- Apr 1, 2008
Equine protozoal myeloencephalitis (EPM) continues to be an elusive disease to prevent, diagnose, and treat. In this special collection of three articles this month, we will delve into the often-contentious world of EPM research to share what practitioners and those studying the disease have discovered.
What is EPM?
Equine protozoal myeloencephalitis describes an infection of the central nervous system with an intracellular (they cannot reproduce outside their host cell) protozoan parasite known as Sarcocystis neurona. To complete its life cycle, this organism requires a definitive host (the opossum), which feeds on the muscles of a dead intermediate host (such as a raccoon, skunk, cat, or armadillo). S. neurona is contained in the muscles in the form of sarcocysts, which once ingested by the opossum will mature and pass in their infective stage (sporocysts) in opossum feces.
Horse feed, hay, or pasture that is contaminated by opossum feces is then unintentionally consumed by a horse; the ingested sporocysts penetrate and infect a horse's leukocytes (white blood cells, predominantly monocytes) and endothelial cells that line the blood vessels. It is speculated that, like a "Trojan horse," the parasites cross the horse's blood-brain barrier by hiding in the leukocytes, then they are released within the central nervous system (CNS) tissues, where they inflict their damage.
A typical presentation of EPM is that of neurologic signs, specifically asymmetric atrophy (muscle wasting) and ataxia (incoordination), with the atrophy occurring in focal muscle areas.

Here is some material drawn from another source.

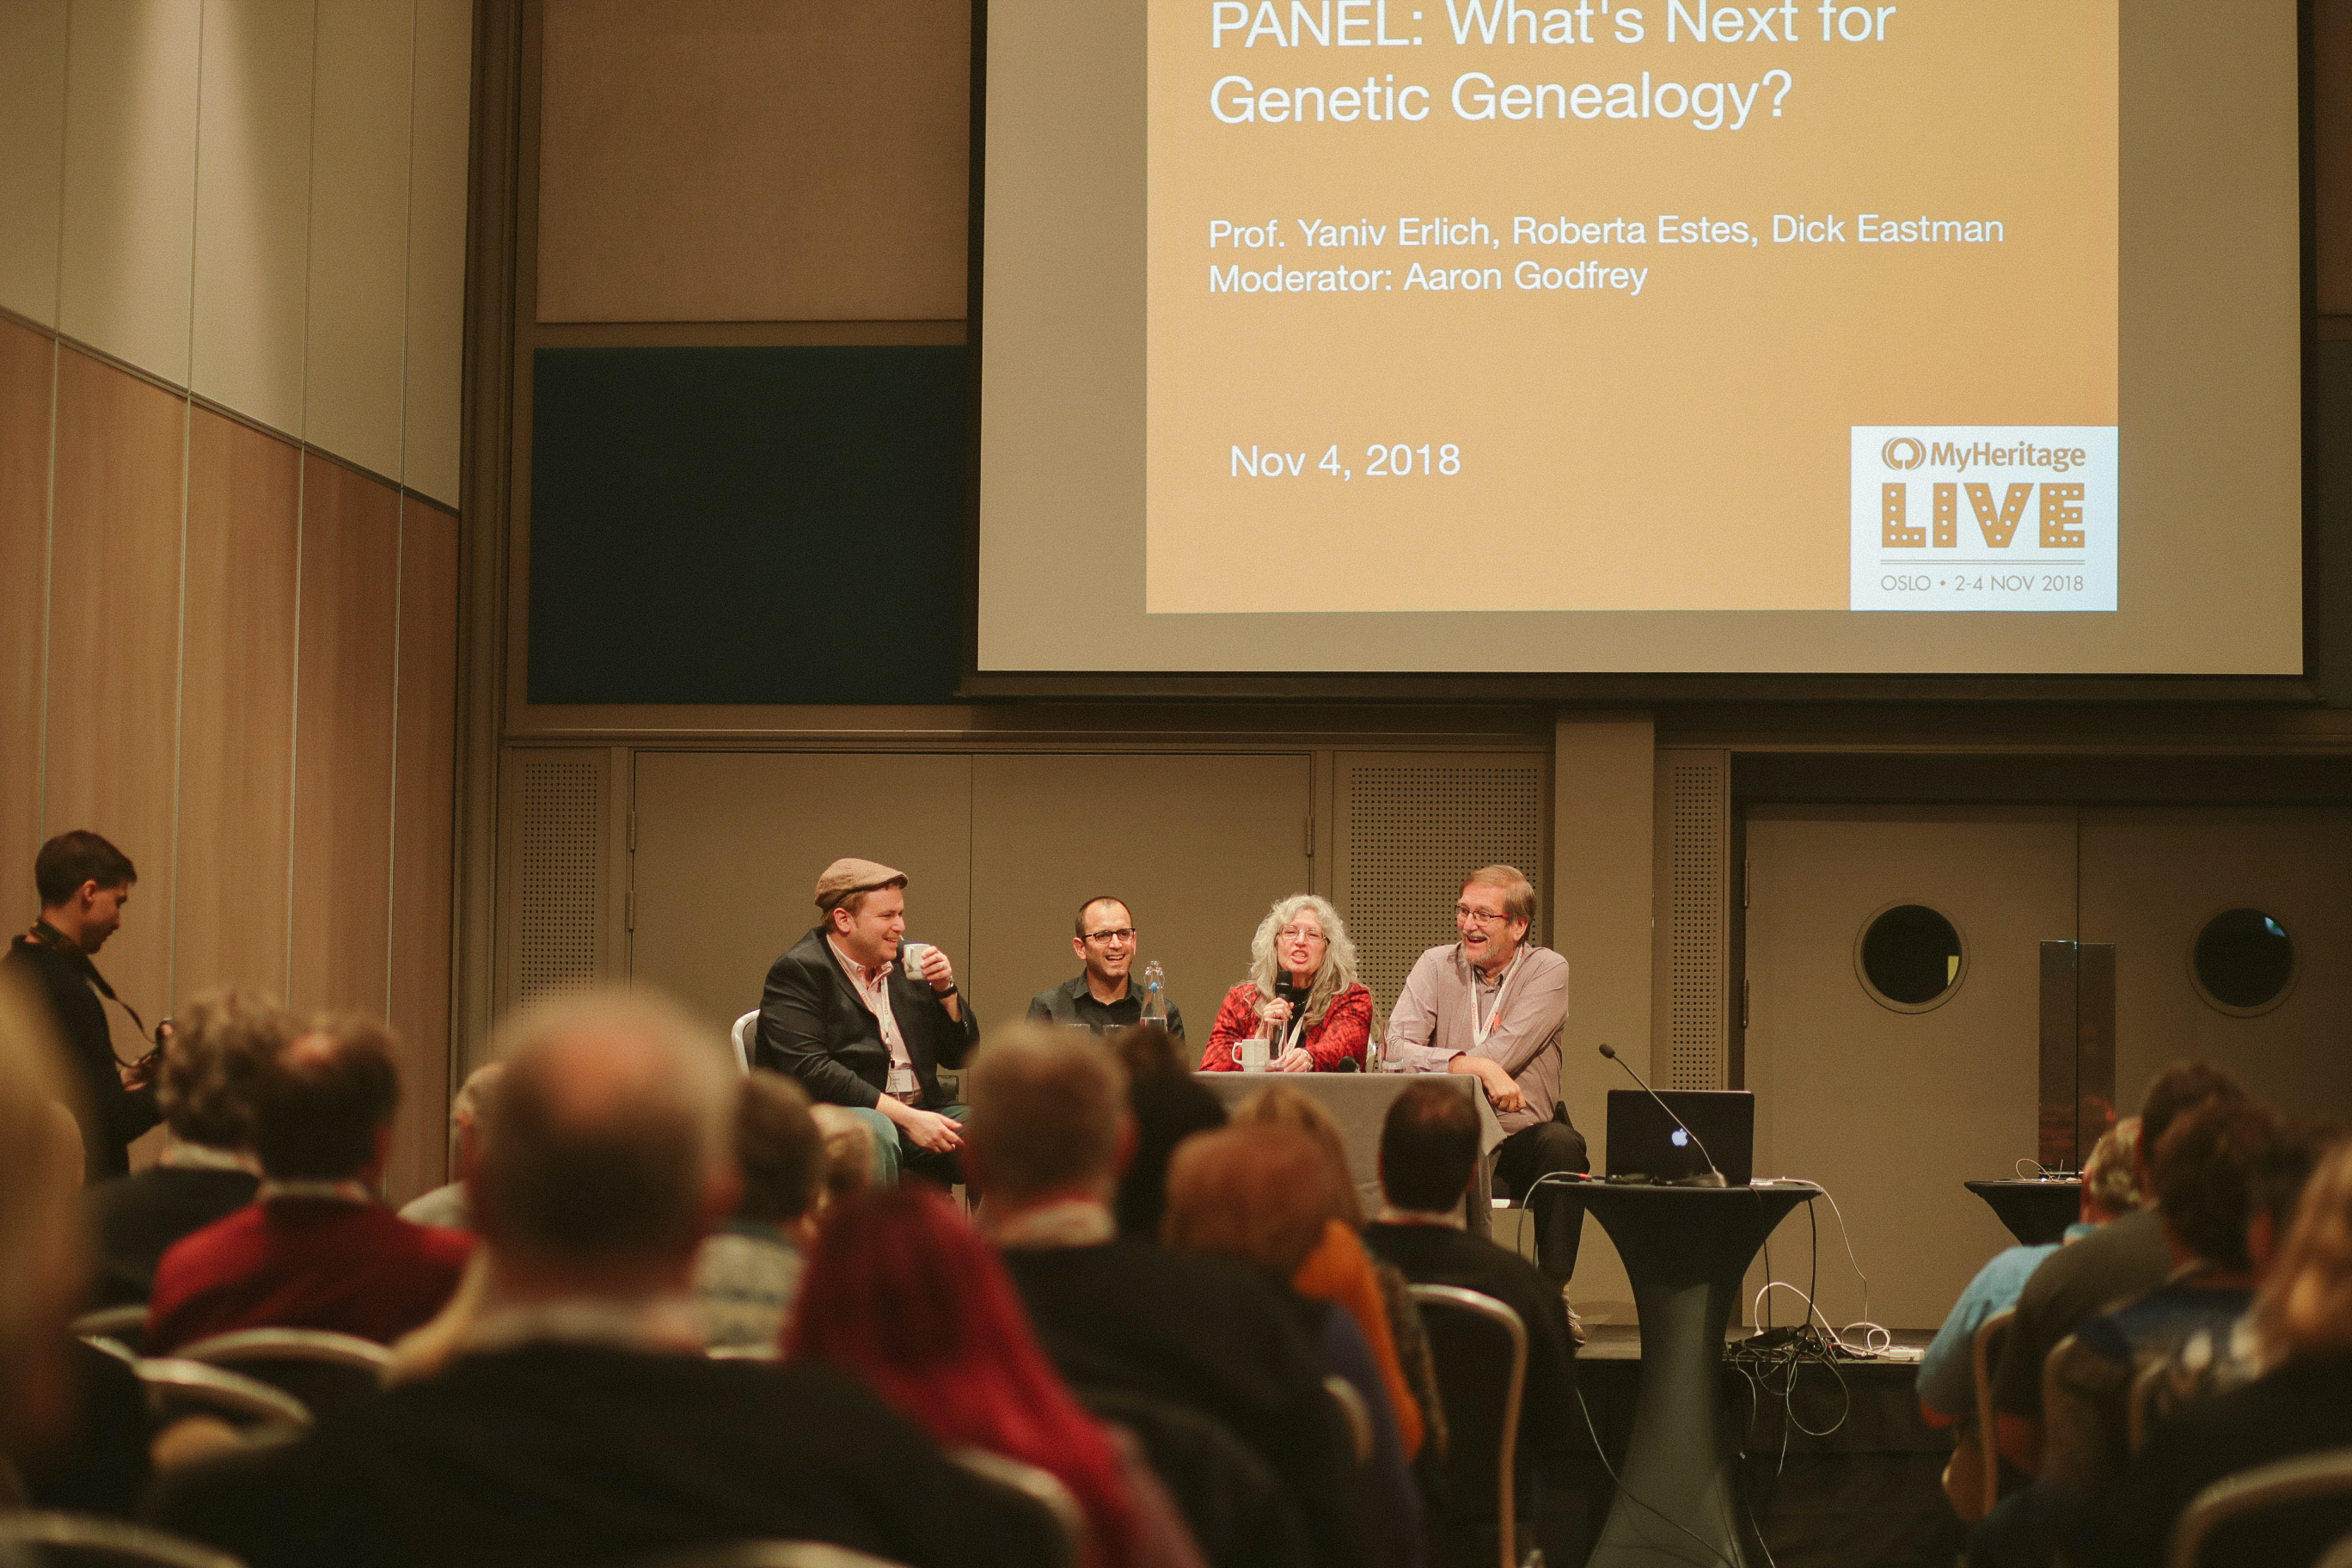 Panel on What’s Next for Genetic Genealogy with Aaron Godfrey, Dr. Yaniv Erlich, Roberta Estes, and Dick Eastman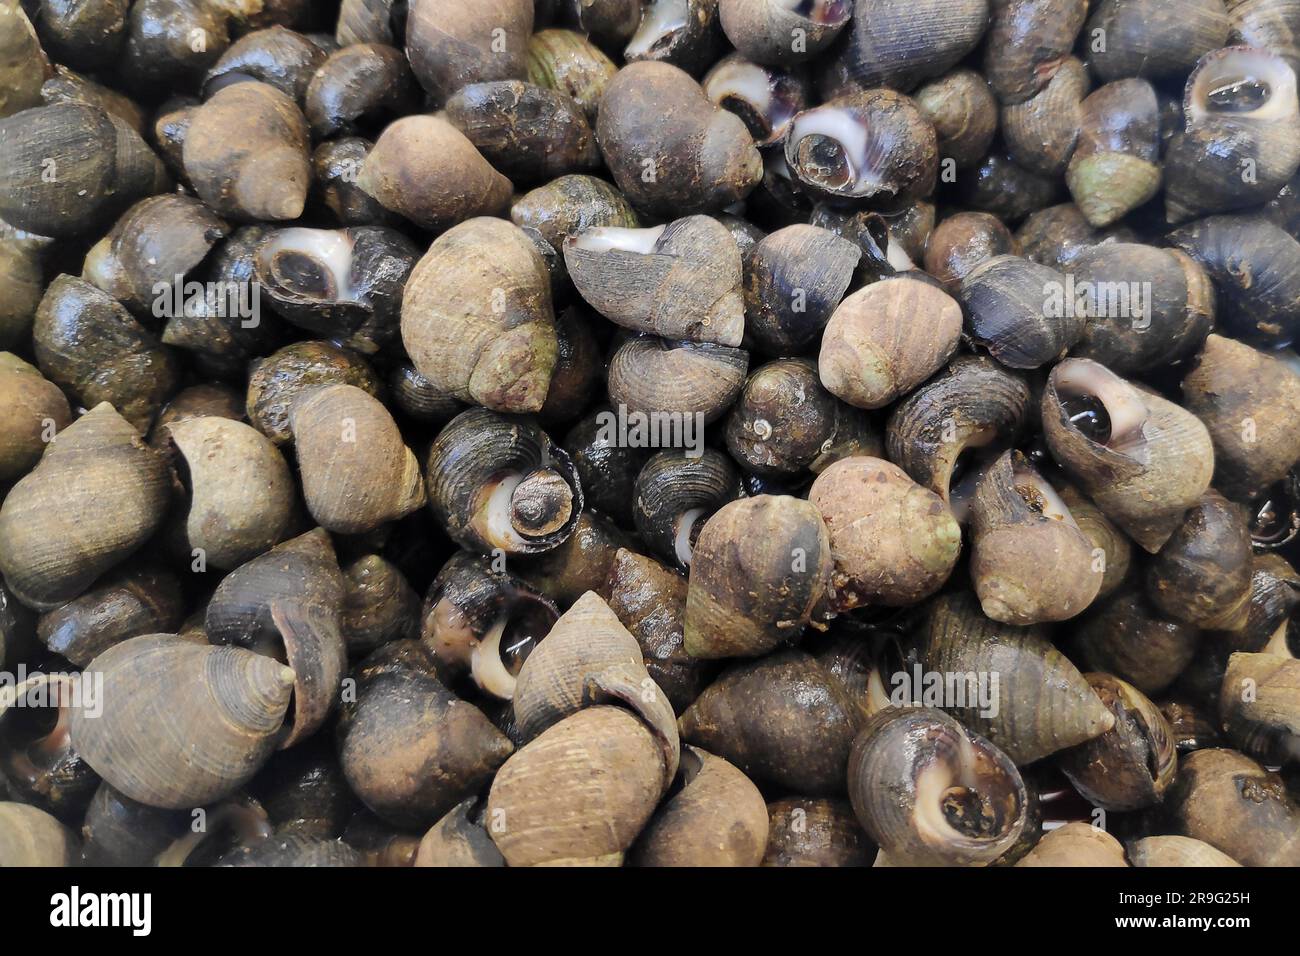 A bunch of periwinkles for sale at a market stall. Stock Photo

A horse will appear to have neurologic signs in one side of his body, such as one hind limb that drags, or an eyelid or lip that droops on one side. In more subtle cases, it is sometimes difficult to determine if a horse is lame or is exhibiting neurologic signs such as ataxia. Any number of neurological signs can be present with EPM. Those signs can mimic other neurological diseases or musculoskeletal diseases, particularly of the pelvic, sacroiliac, or lumbosacral regions, or conditions due to cervical vertebrae stenosis (narrowing of the vertebral canal) or instability, also known as wobbler's syndrome. A horse affected by EPM might demonstrate signs consistent with brain disease, cranial nerve damage, peripheral nerve problems, obscure lameness, behavioral changes, or any combination of these.
A physical exam helps identify the type and extent of a horse's incoordination and neurologic signs, and it helps localize the lesions to specific areas of the central nervous system. While a thorough clinical and neurologic exam corroborates the presence of a neurologic problem, without testing it is often difficult to know for certain whether EPM is the only cause of disease, or whether other problems are occurring concurrently (such as wobbler's). S. neurona can affect any portion of the central nervous system and can, therefore, mimic other diseases, making generalizations during diagnosis impractical.
One must also consider the likelihood of active infection relative to the geographical residence of the horse and how prevalent the disease occurs in that location, or in locations the horse has visited. Certain parts of the country have a higher incidence of EPM occurrence than others. Granstrom, one of the original pioneers who studied the emergence of EPM, has a wealth of knowledge about the disease. Granstrom remarks, "Exposure, as measured by prevalence based on positive results on blood testing, varies widely across the U.S. It ranges from zero in desert regions of the West to 65% and higher in some temperate areas where large numbers of opossums live and are able to spread the infective stage. Fortunately, the incidence of EPM is well below 1% of the equine population in the U.S. The percentage of horses that develop clinical disease following exposure is difficult to estimate, but apparently it is very low. Other factors, such as stress, appear to have the greatest influence on which horses actually develop clinical disease."
Testing for EPM
One of the major areas of controversy surrounding EPM is testing. Testing requires identification of markers of infection, such as antibodies specific for S. neurona. Such antibodies might be found in the blood of a horse that has been exposed, but not necessarily infected (no overt disease resulted from exposure). Antibodies found in the cerebrospinal fluid (CSF) cast a higher suspicion that the neurologic signs exhibited by a horse might be linked to infection and subsequent parasitic damage of spinal cord tissues.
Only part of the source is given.